And once again, the library is put to the torch
as those in line vent their frustration at the lengthy wait. Well, now, you can imagine the Basil’s despair. (Fabian, not so much—he was generally resigned to his master’s escapades, though being nearly burned to death twice is a bit of a bummer.) What to do? Having no indexes is bad, and (apparently) having indexes is bad. Only…it isn’t that having the indexes was bad, is it? It’s that there were too many. The maintenance of those indexes took too much work, which prevented the two from being to apply themselves to ﬁnding scrolls. This is exactly the case with databases, too.

Every index that you add increases the work that the
database must do, both to ﬁgure out how to satisfy queries, and also to keep those indexes up-to-date. In a write-heavy system, too many indexes will slow you way down. So, what do you do? I’ll tell you what Basil does—he goes to work ﬁguring out what indexes are most important. He realizes that although dozens of indexes are impossible for the two of them to stay on top of, together they ought to be able to manage a few. If he can identify the few that are most necessary, he’ll have it in the bag. Well, but that’s the crux of the matter, isn’t it?
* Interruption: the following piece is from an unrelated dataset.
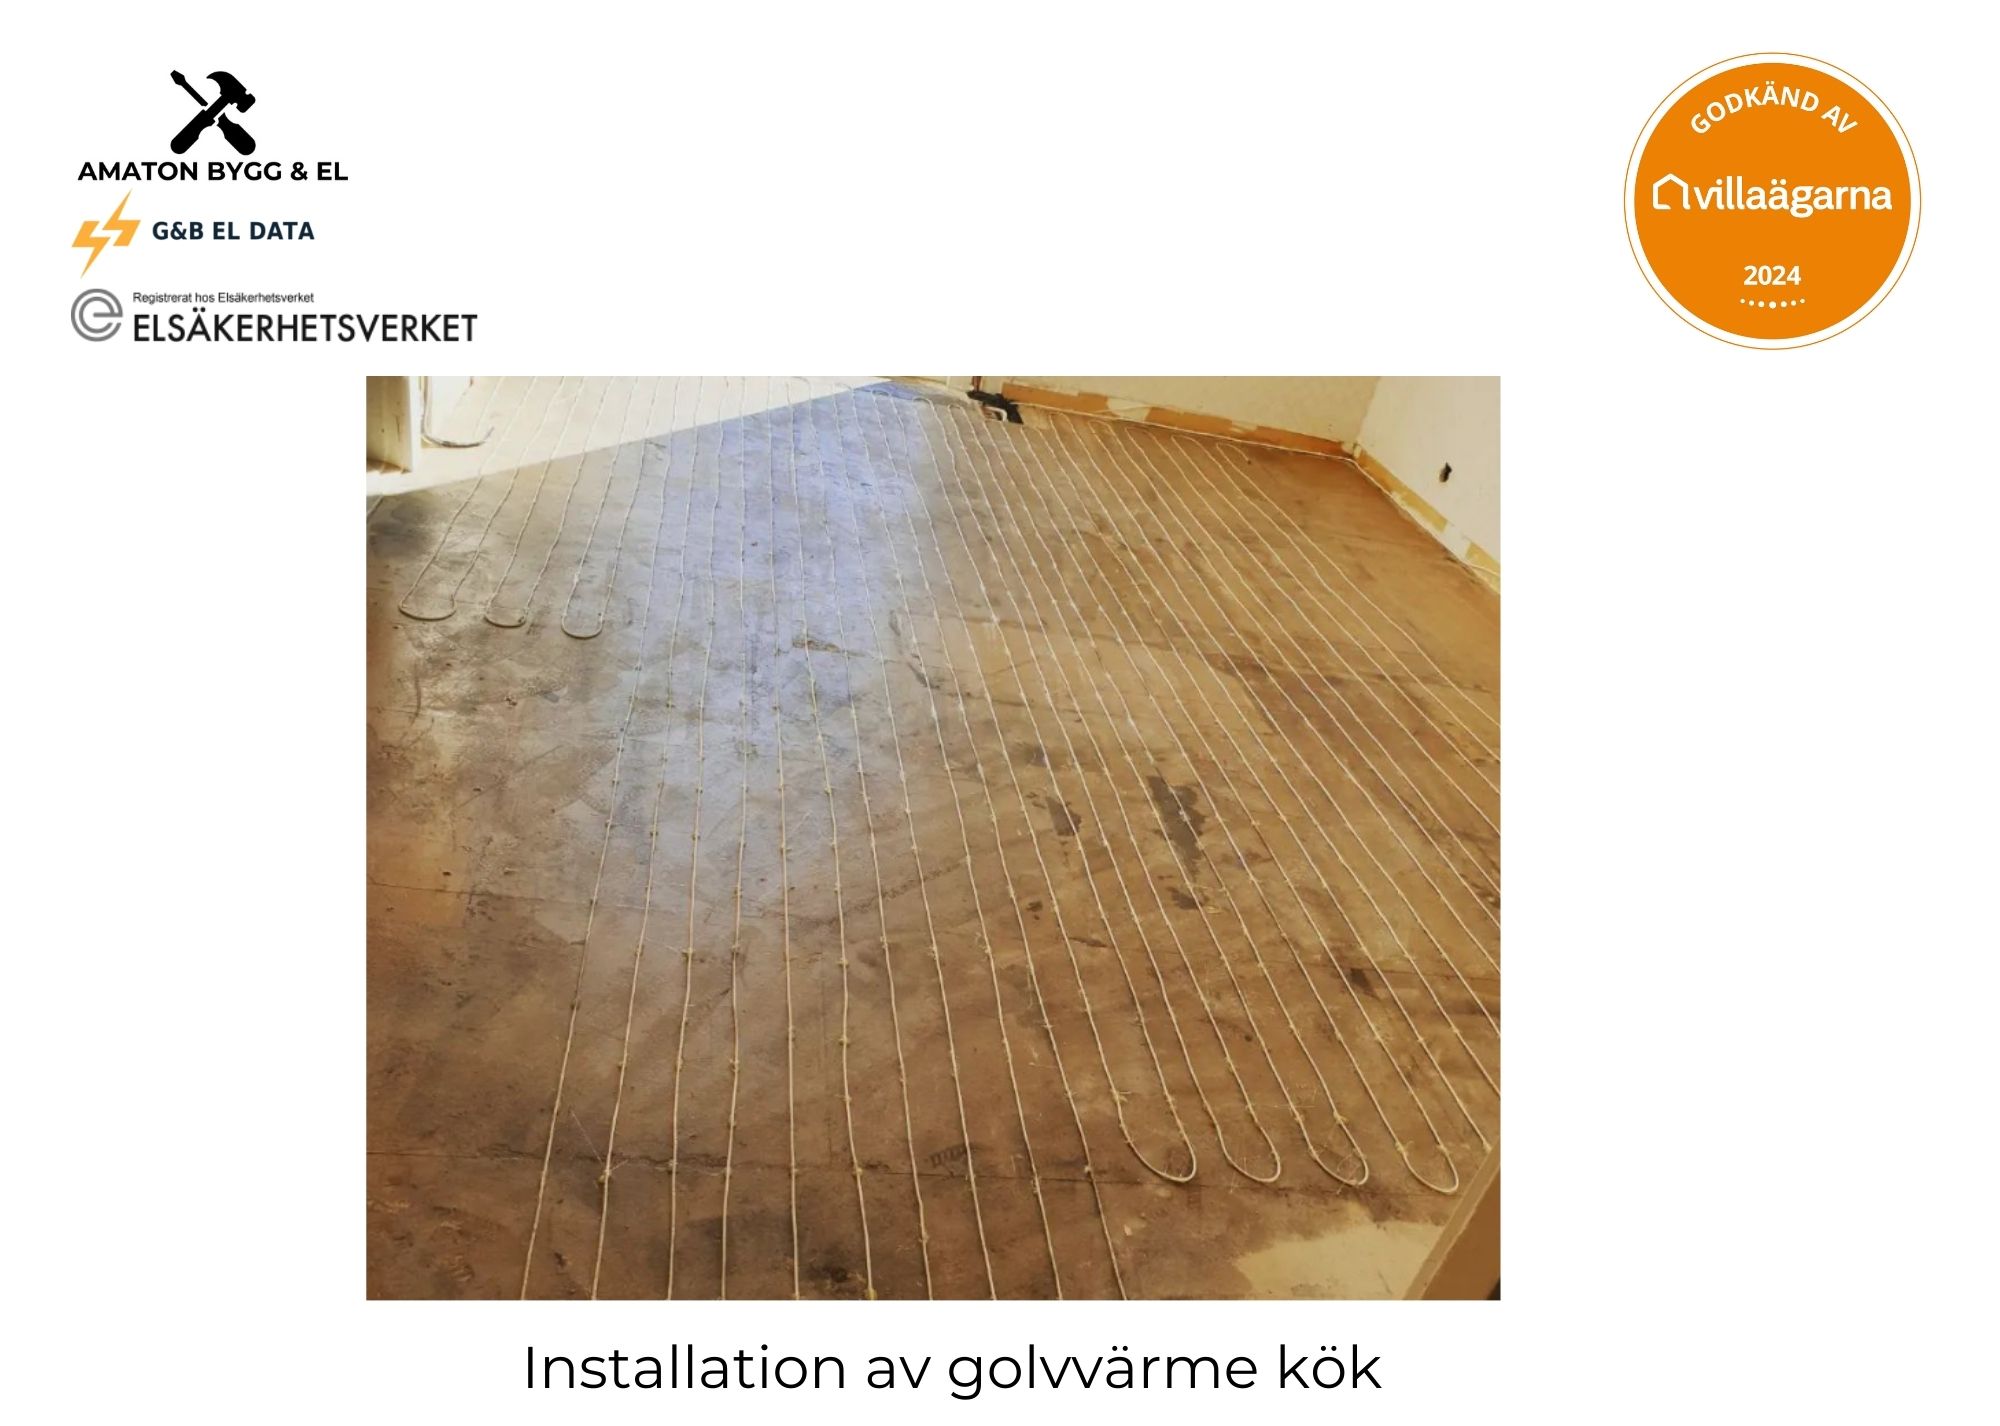 Referensjobb "Installation av golvvärme i kök" utfört av Amaton Bygg & El / Amaton Group AB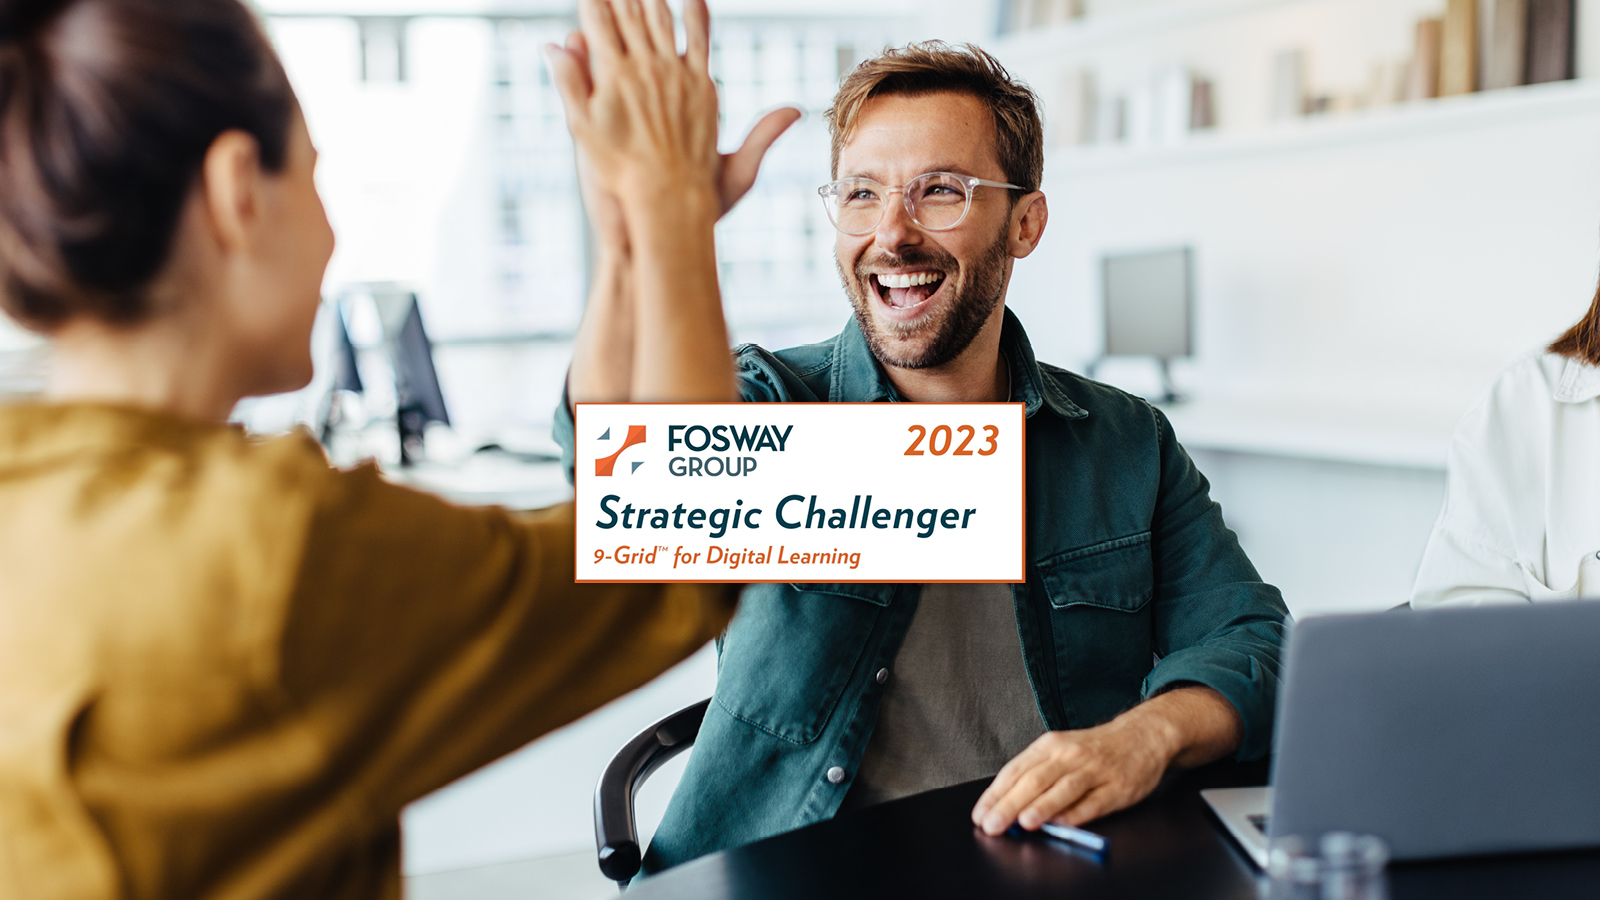 imc als Strategic Challenger im Fosway 9-Grid 2023 für Digital Learning ausgezeichnet

How do you know which “few” matter the most?

SELECT * FROM scrolls WHERE title = 'The Republic'; SELECT
people.* FROM people, nations WHERE people.nation_id = nations.id AND nations.name = 'Greece'; SELECT * FROM scrolls WHERE title = 'Elements'; SELECT * FROM scrolls WHERE title = 'Autobiography of Kurigalzu'; SELECT scrolls.* FROM scrolls, people WHERE scrolls.author_id = people.id AND people.first_name = 'Aristotle'; SELECT * FROM scrolls WHERE title = 'Odyssey'; SELECT scrolls.* FROM scrolls, people WHERE scrolls.author_id = people.id AND people.first_name = 'Wenamun'; SELECT * FROM scrolls WHERE title = 'Analects'; SELECT scrolls.* FROM classifications, scrolls, subjects WHERE classifications.subject_id = subjects.id AND classifications.scroll_id = scrolls.id AND subjects.name = 'Geometry'; SELECT * FROM scrolls WHERE title = 'History of the Peloponnesian War'; SELECT * FROM scrolls WHERE title = 'Tao Te Ching'; In Basil’s case, he has a whole host of prior queries he can analyze to see which kinds of questions were asked the most, and if you have a corpus of data like that, it lets you take a brute-force approach. For example, Basil can see that, statistically, most people asked for a scroll by title, with queries by subject being second-most-common. But who’s to say this historical data is complete? What if there are columns that ought to be indexed, but which never happened to show up in queries during the period being sampled? Also, what happens when you don’t have prior data to learn from? What happens when you’re building something brand new? That ﬁrst migration you write, where you add the tables you’re going to need—how do you know which indexes to add as part of that migration? (Because, let’s face it, if you don’t add them then, when are you going to add them? Probably not until you feel the lack of them.)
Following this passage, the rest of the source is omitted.